Standing in the crowded ballroom at a recent Chamber of Commerce mixer, the tall young man in front of me was expounding on his company’s merits. I listened, noticing how his neck was pitched forward, right shoulder slumped. Although there was fire in his eyes, as he clearly loved his work, the rest of his upper body was skewed and tight. His predicament made me want to do some secret stretches but I kept listening and still.

As he finished and I started speaking about my work, teaching drivers, frequent fliers and office workers to do small stretches throughout their day, he transformed.

Slowly he started moving his tight shoulder and working his neck. We kept talking and I smiled as his muscles began to relax a bit. Our connection shifted as he felt the release of tension. He was comfortable with stretching in the middle of the conversation. I mentioned that my shoulders get tight too and reached one arm across my body showing him another shoulder release. Pretty soon we were laughing about how it was so simple and felt great.

I’ve seen this again and again. Once we feel there’s ‘permission’ to move, we do. Why don’t we allow ourselves to check in and stretch whenever we feel the need? Wouldn’t we all be a little happier? Where are you holding tension right now and how can you address it?
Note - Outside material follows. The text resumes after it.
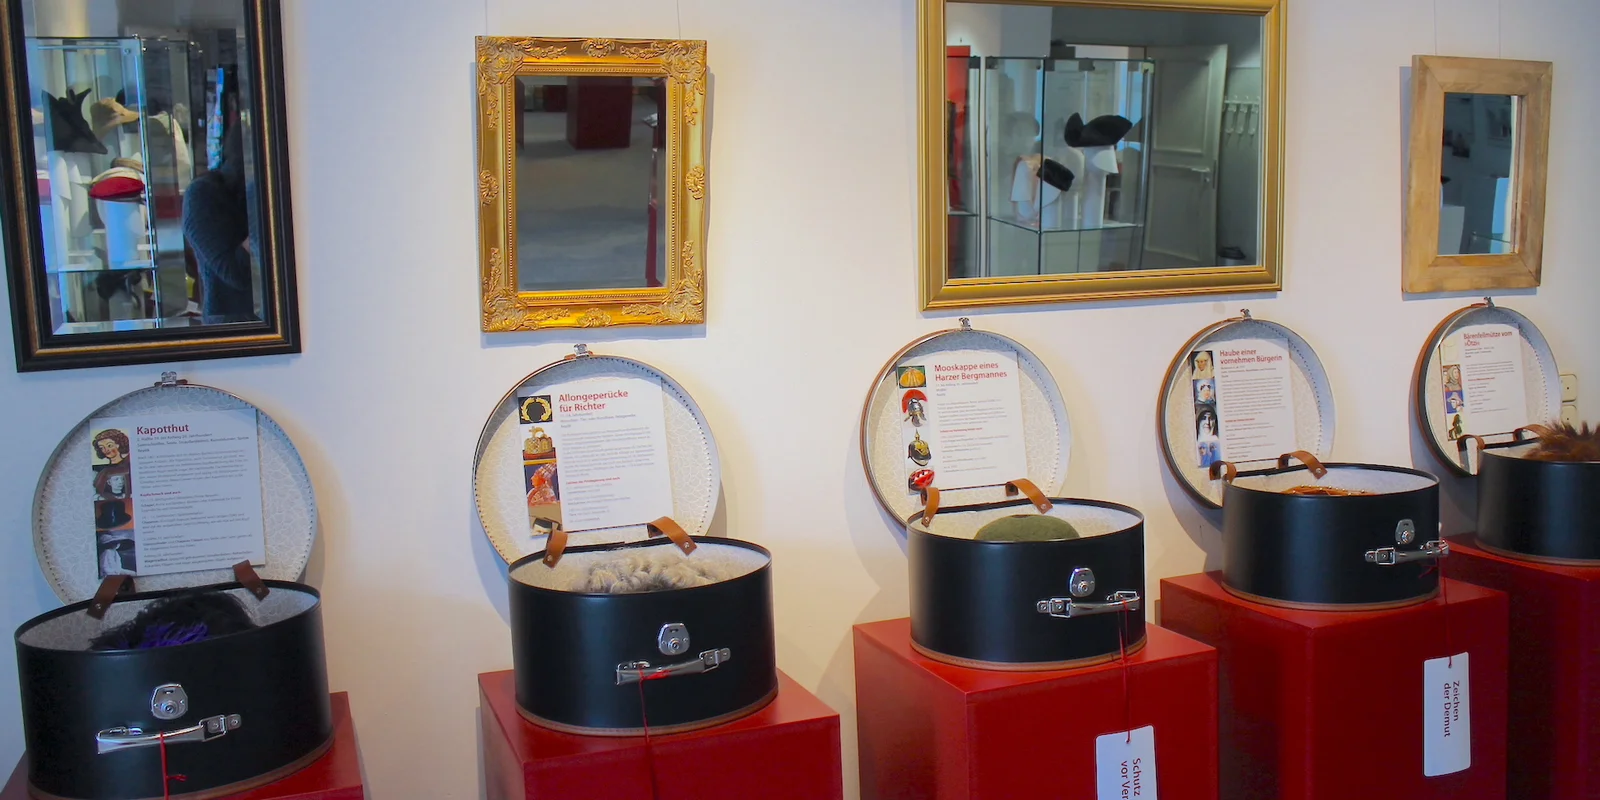 An einer Wand, an der verschiedene Spiegel hängen, stehen roten Podest mit offenen Hutschachteln, in denen unterschiedliche Hüte und Erläuterungstexte zu sehen sind
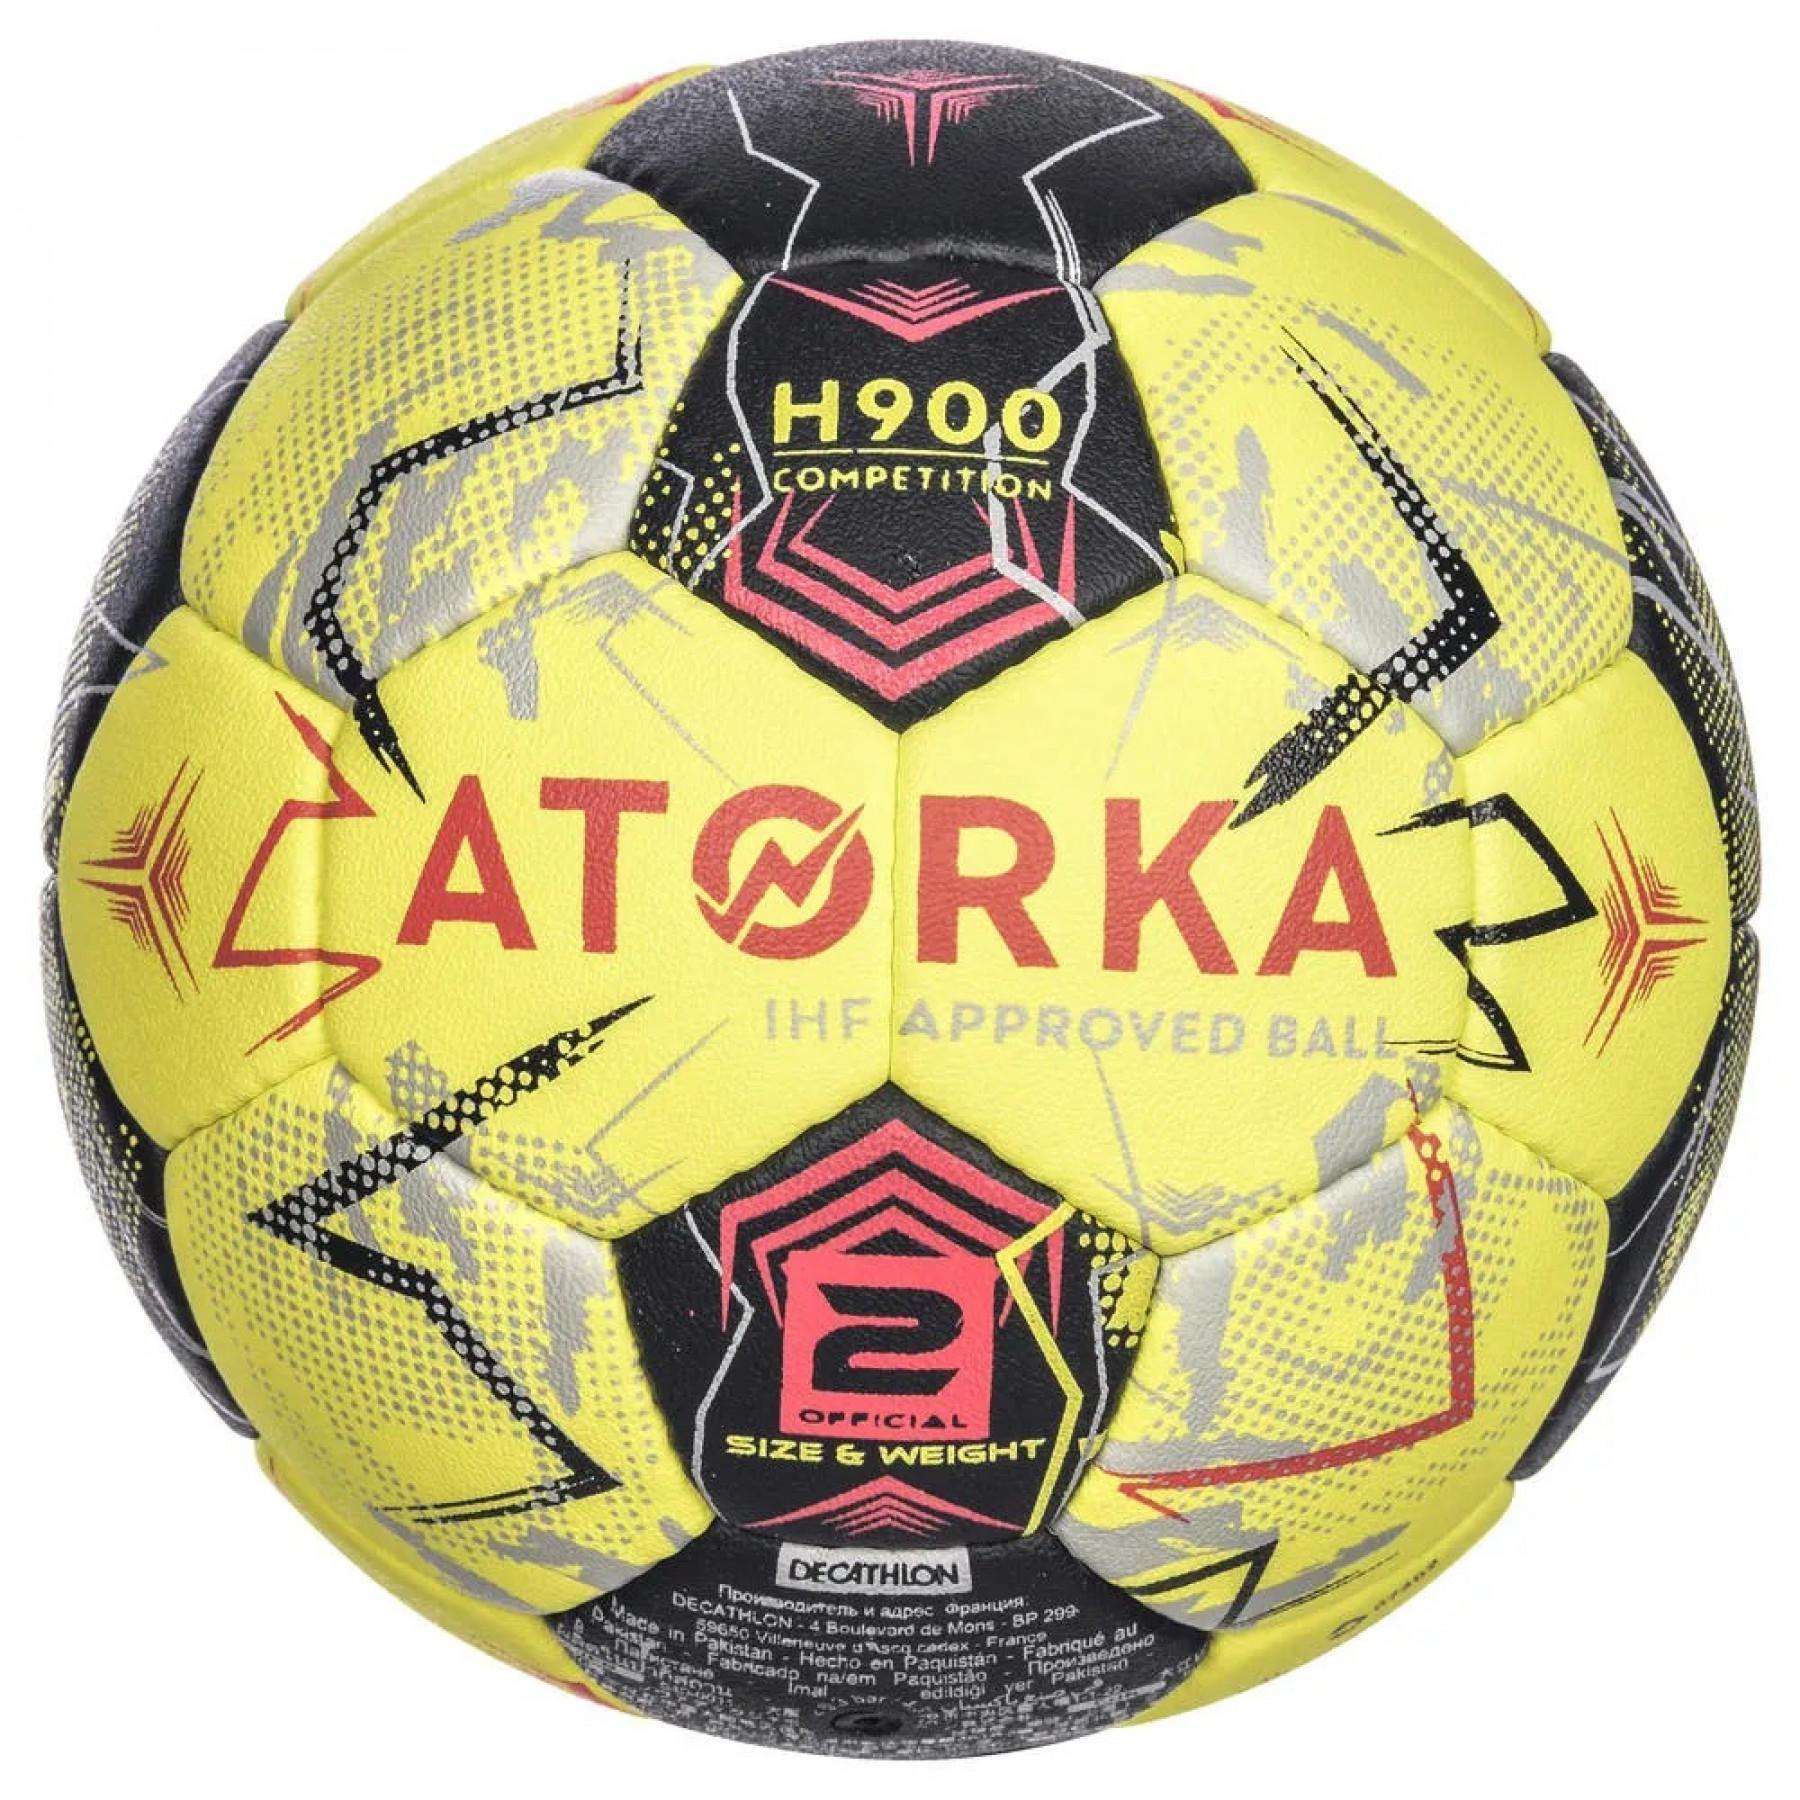 Pallone Atorka H900 IHF - misura 2

Stand and deliver: Too shy to move? I’ve been there. In the midst of a meeting, conference or meal, you may get up to use the toilet. There may be a hesitation, not wanting to disturb your associates, but it’s an accepted action. Yet, in the same situations we don’t give ourselves permission to stretch or move. Taking care of yourself in the moment will help you to be more present and aware, especially once you’re freed from the distraction of pain. If you can’t stretch comfortably where you’re sitting, it may be better to stand and move to the side.

Here’s a few suggestions for secret stretches:

  • Find a wall to lean against.
  • Stretch your back by folding forward slowly.
  • Hang with your head and neck loose.
  • Keep your knees bent slightly
  • Roll back up, pressing your spine into the wall for a slight massage.

Other options: Do a few spinal twists, shoulder rolls and arm swings.

There are many small, targeted and tested stretches on my website, in my classes, books and audio.

Enhancement not replacement: Doing small stretches throughout your day will help you stay energized, to be more productive and make more money! You’ll find it easier to stay on task and may free yourself from that old back pain you notice you stand up after working at the computer for hours. The techniques will not replace a consistent full body cardio and stretching practice, but they’re a way to extend and enhance what else you do to ensure that you can work, travel and enjoy many years of good health.